Many blacks demanding immediate freedom based their appeal in part on Christianity. In 1857 two black Christians from Cleveland, John Malvin and the Reverend Robert Johnson, writing in The Liberator, condemned a biracial man who supported slavery and black inferiority. Malvin and Johnson wrote that "we do not love him, but hate him as an apostate from the religion of Jesus Christ, and a traitor and disgrace to his people" (Aptheker 1971, vol. 1, p. 391). Christianity, thus, had been transformed from solely being the belief system of the slave master into a part of the insurgent culture of those seeking freedom.

BIBLIOGRAPHY

Aptheker, Herbert.

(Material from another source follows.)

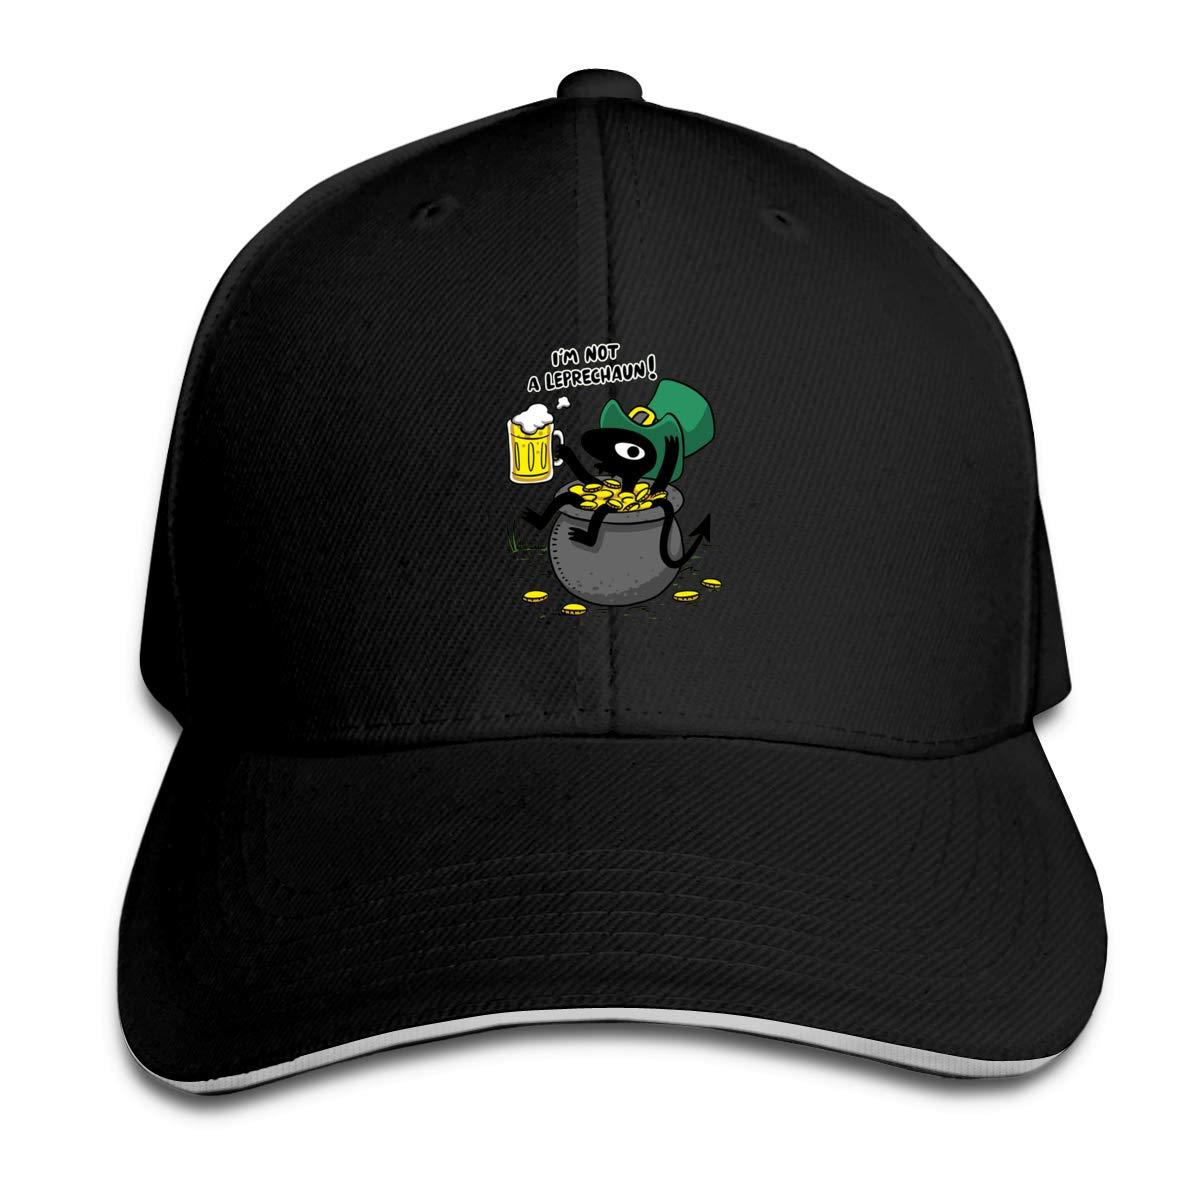 Im Not A Leprechaun Classic Adjustable Cotton Baseball Caps Trucker Driver Hat Outdoor Cap Black

A Documentary History of the Negro Peoples in the United States, vol. 1. New York: Citadel Press, 1951.

Berry, Mary Frances, and John W. Blassingame. Long Memory: The Black Experience in America. New York: Oxford University Press, 1982.

Genovese, Eugene D. Roll, Jordan, Roll: The World the Slaves Made. New York: Vintage Books, 1976.

Gomez, Michael A. Exchanging Our Country Marks: The Transformation of African Identities in the Colonial and Antebellum South. Chapel Hill: University of North Carolina Press, 1998.

Levine, Lawrence. Black Culture and Black Consciousness: Afro-American Folk Thought from Slavery to Freedom. New York: Oxford University Press, 1978.

,Patterson, Orlando. Slavery and Social Death: A Comparative Study. Cambridge, MA: Harvard University Press, 1982.

Stuckey, Sterling. Slave Culture: Nationalist Theory and the Foundations of Black America. New York: Oxford University Press, 1987.

Thompson, Robert Farris. Flash of the Spirit: African and Afro-American Art and Philosophy. New York: Vintage Books, 1984.

Walker, David, and Henry H. Garnet. David Walker's Appeal and Henry Highland Garnet's Address. 1848. Reprint, Nashville, TN: James C. Winston, 1994.

Wood, Peter H. Black Majority: Negroes in Colonial South Carolina from 1670 through the Stono Rebellion. New York: W. W. Norton, 1974.